Role model is now Generic across Nautobot

The DeviceRole, RackRole, ipam.Role, and IPAddressRoleChoices have all been removed and replaced with an extras.Role model. This means that all references to any of the replaced models and choices now points to this generic Role model.

In addition, the role field of the IPAddress model will be changed from a choice field to a foreign key field related to the extras.Role model.

For more details please refer to the documention on Roles.

Prefix Parenting Concrete Relationship was added

The Prefix model was modified to have a self-referencing foreign key as the parent field.

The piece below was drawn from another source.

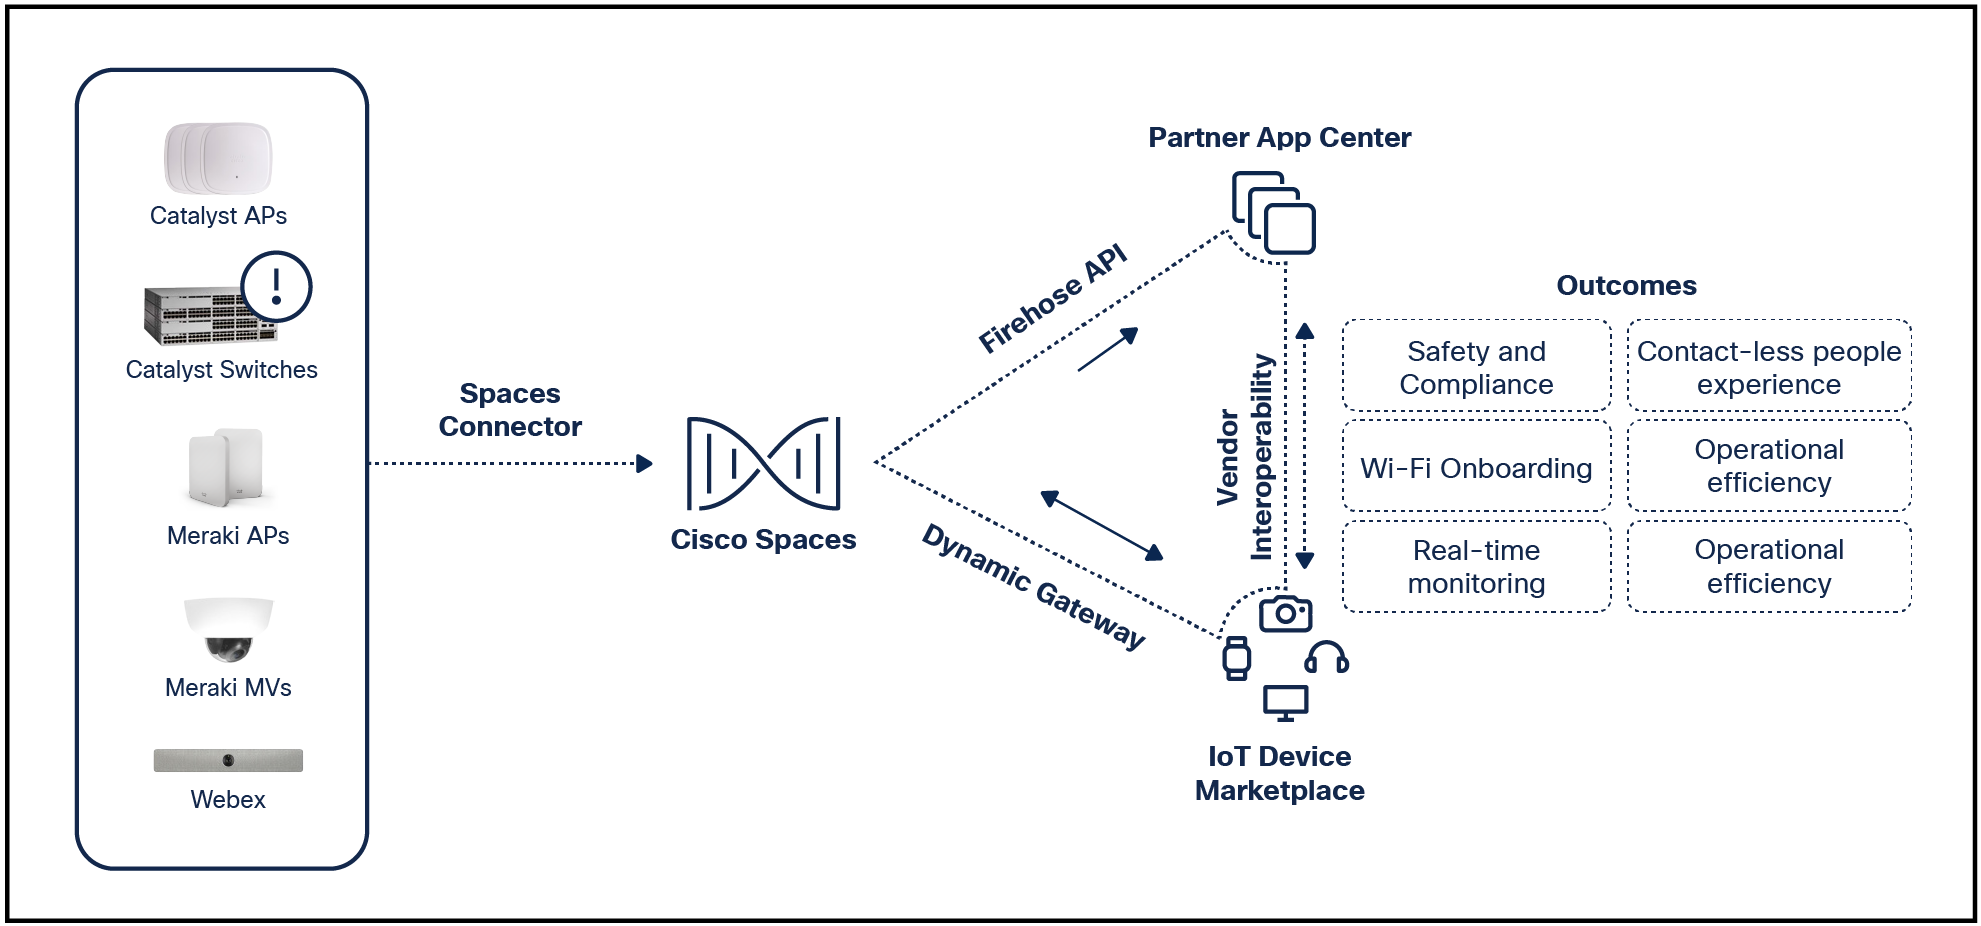 Whether Cisco Catalyst or Meraki, all location data is able to by synthesized via Cisco DNA Spaces to deliver location-based services

Parenting of prefixes is now automatically managed at the database level to greatly improve performance especially when calculating tree hierarchy and utilization.

As a result of this change, it is no longer necessary nor possible to disable tree hierarchy using settings.DISABLE_PREFIX_LIST_HIERARCHY as this setting has been removed. Additionally it is no longer possible to disable global uniqueness using settings.ENFORCE_GLOBAL_UNIQUE as this setting has been removed.

Prefix Parenting Guidance

The following guidance has been added for the Prefix model in order to ensure more accurate network modeling:

  • A Prefix of type Container should only have a parent (if any) of type Container
  • A Prefix of type Network should only have a parent (if any) of type Container
  • A Prefix of type Pool should only have a parent (if any) of type Network
  • Any Prefix can be a root prefix (i.e. have no parent)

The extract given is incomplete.